HHT?....Nope... TNT....Nope...TPT.....uh uh......4 pass bbs shave and finish with Ogallal Bay Rum a/s and Zero burn. i have been playing with my Coti's alot lately. Enough to bring a good edge to a Wade and Butcher wedge from a rounded bevel as a matter of fact. That wasn't todays razor though it was a Fillarmonica D/T 13 that I dulled and brought back on only the hard side of a Les Latneuses Coticule. So to all of you who have recently bought coticules as your primqry stone there is light at the end of the tunnel. I too couldn't sharpen a razor just 3 months ago and now its like I had an epiphany! I can can dull and sharpen all my razors with just my coticules. I do cheat with a Naniwa 1k though.:blushing: Any way there is hope don't give up!
 
U

Utopian

Despite reading arguments to the contrary, I see not point in dulling a razor before sharpening it.

Congrats on your accomplishment!
 
I agree but if its already sharp How do I know what progress I have made. I was doing as a learning process its not something I would do to My Filly or Le Grelot to name a couple. I don't automatically dull a razor to freshen it just the ones I learn with.
 
Despite reading arguments to the contrary, I see not point in dulling a razor before sharpening it.

Congrats on your accomplishment!

Ron, I hope you don't mind me quoting a post of your own good self, from another thread on this forum:
What did you use to set the bevel and how did you confirm that the bevel was set?

I am the person who came up with the idea to run a razor, edge down, over a glass object, and my motives for that advice were exactly the same question.
In many forum threads that try to talk a novice honer through the sharpening process, it's often one of the usual blind spots. If the bevel isn't flat and very near the maximum keenness that can be attained with the "bevel setting hone", any attempt to further refine (or polish, or whatever people like to call the rest of the honing process) is futile.

There are several ways to judge whether the bevel is ready to move on, but they all rely on observations that can be difficult to interpret. More often than not, razors are honed that still shave, albeit not comfortably. Sometimes, the novice user relied heavily on pasted stropping, to squeeze a couple more shaves out of his dulling razor. He even might have lifted the spin occasionally during his first honing attempts, or he got the razor from someone who used tape while honing, while he prefers to hone without. All reasons why a razor could perform well on tests such at the TNT, TPT or SAH. Hence the novice should be looking for a change in any of these tests, as proof that the very edge finally started responding to the hone, which in itself is proof of a fully developed bevel.
Instead of having to second guess whether the novice honer possessed the skill to make that call, I figured it would be better to suggest a simple "pass or fail" test.

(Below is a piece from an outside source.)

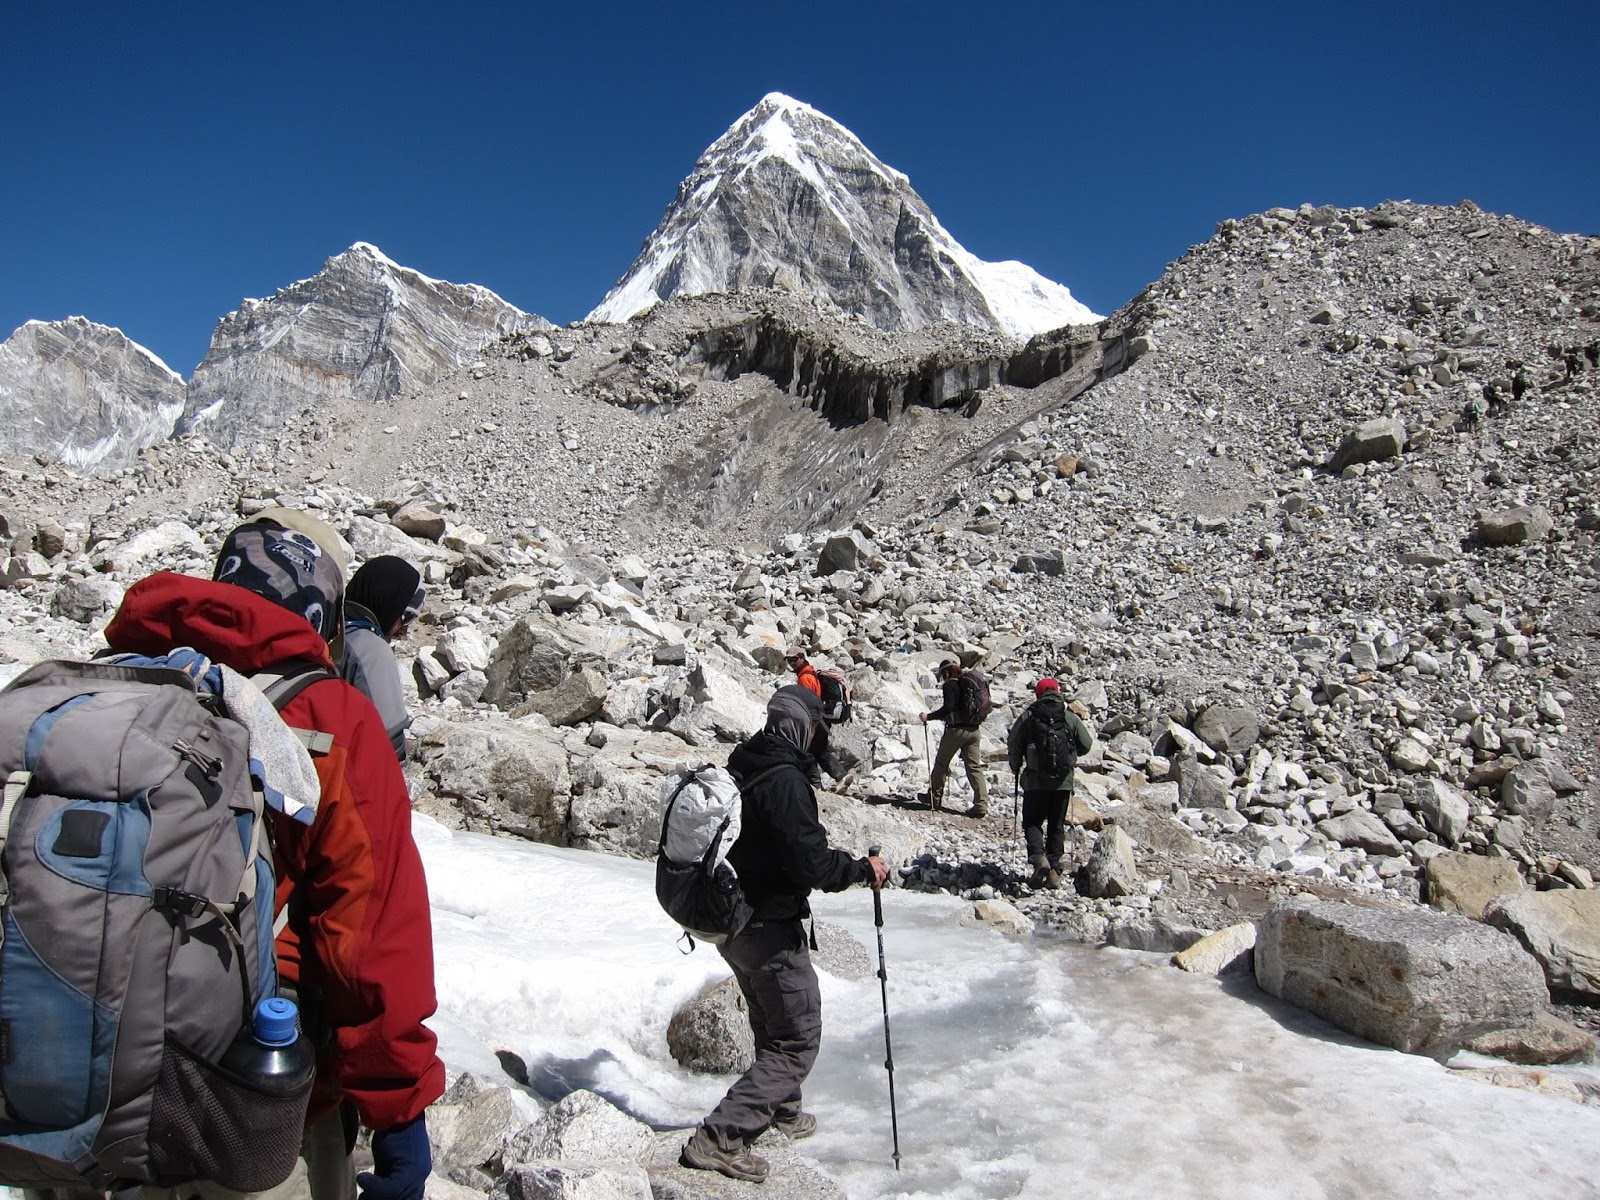 Trekking the World!: Nepal: Part 4 - Mt. Everest Base Camp (17,598 ft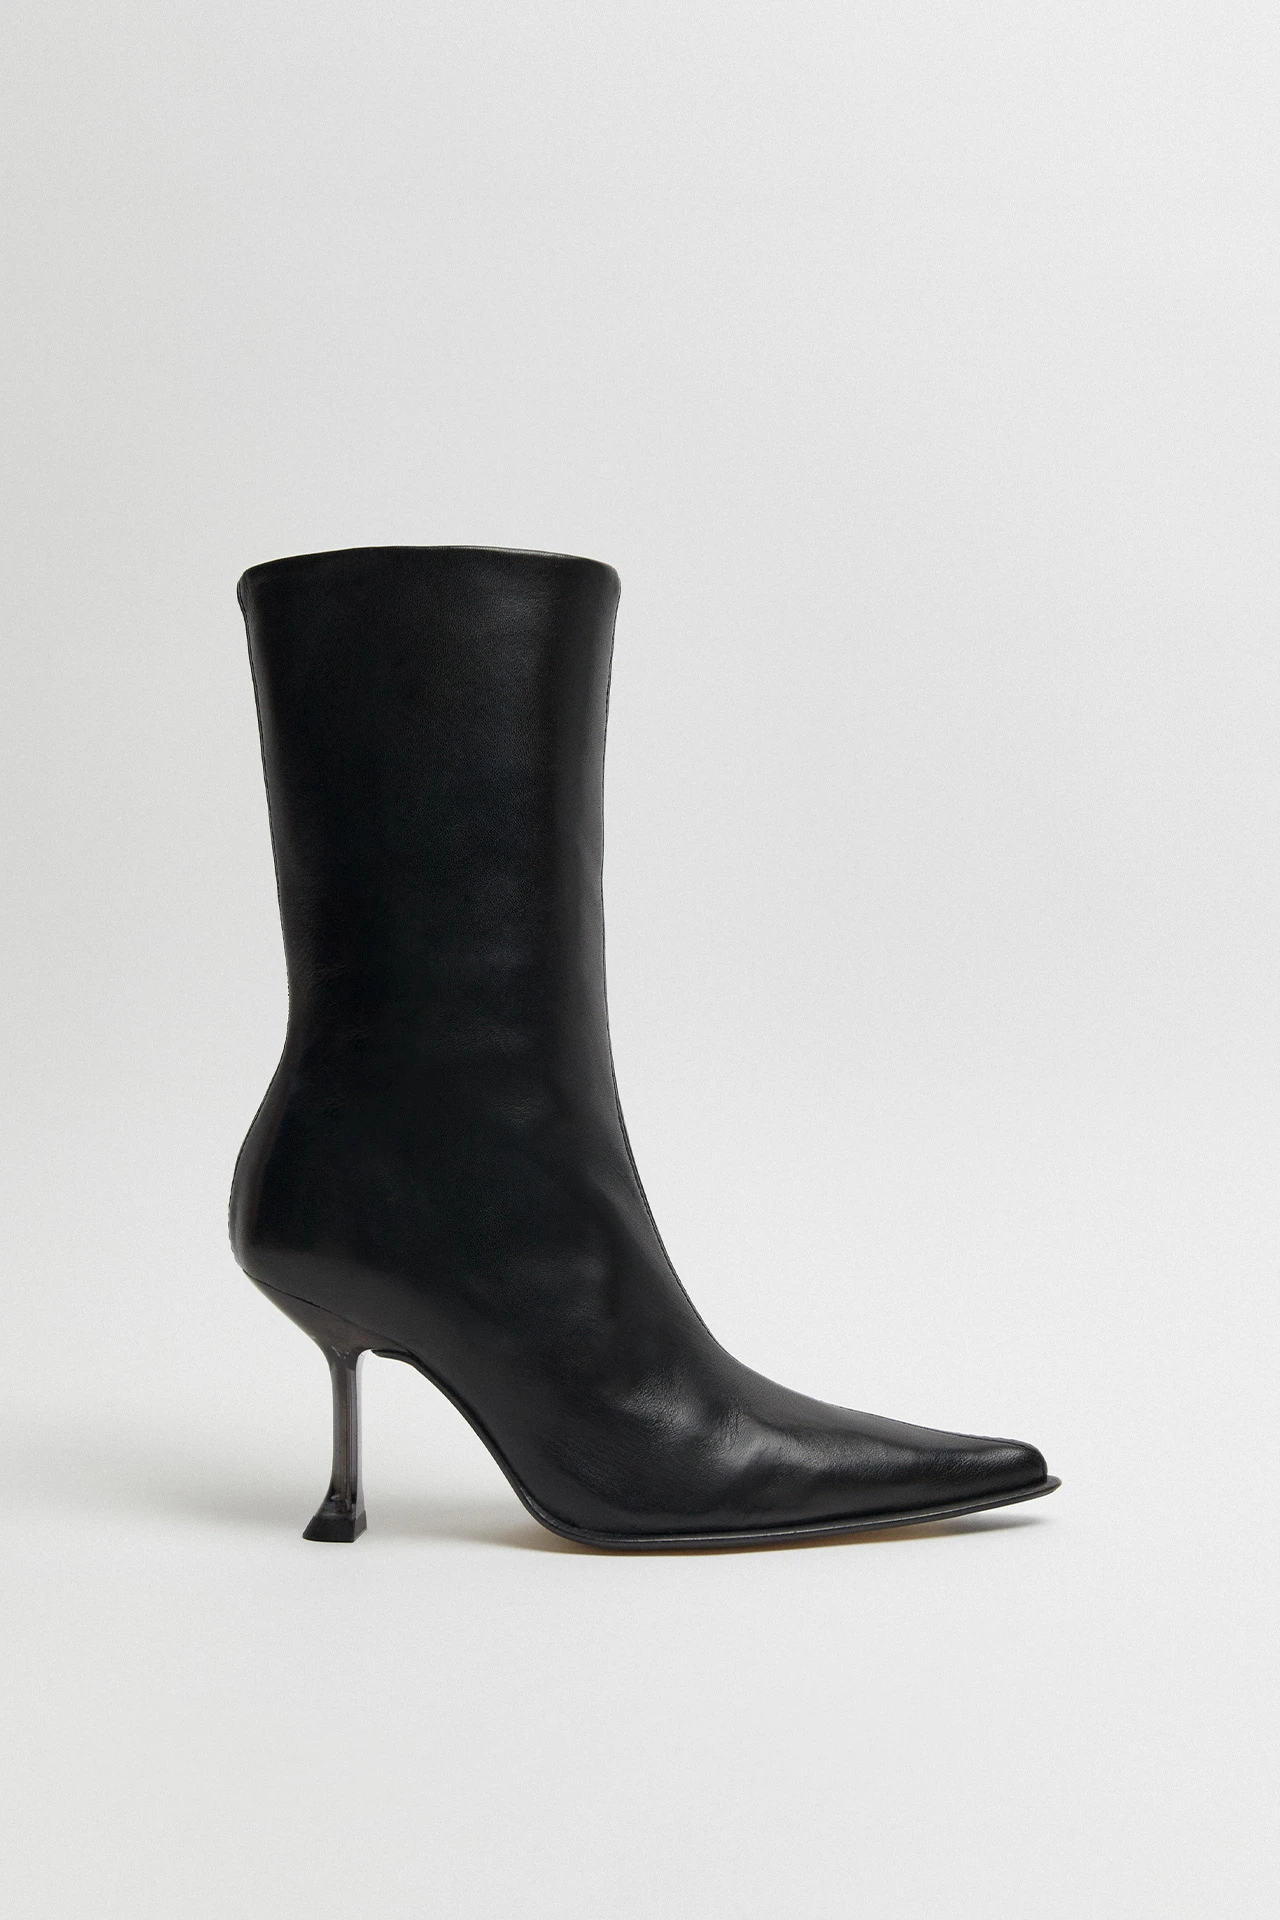 Miista-marcela-black-boots-01

If the razor is dulled just below a capacity to shave the honer's arm hair, and next he works on a hone till he can pass that test again along the entire edge, the bevel is ready beyond doubt.

After some trials, rubbing the razor once over a glass object was the gentlest method I could find, to achieve the desired effect. Guys with very dense and thick arm hair might need to repeat it a second time.
On a razor that had a good bevel to start with, it takes almost no work to undo the stroke on glass.

I am convinced that if someone is not able to bring the edge back to shaving arm hair, he doesn't stand a chance anyway, for turning it into an good edge for shaving beard hair.

Obviously, as with any test, one can always do without, or depend on some other way to make sure that the bevel is ready. Yet, I find the "beer bottle trick" convenient enough to use it myself, whenever I feel a razor is beyond a mere touch-up.

Kind regards,
Bart.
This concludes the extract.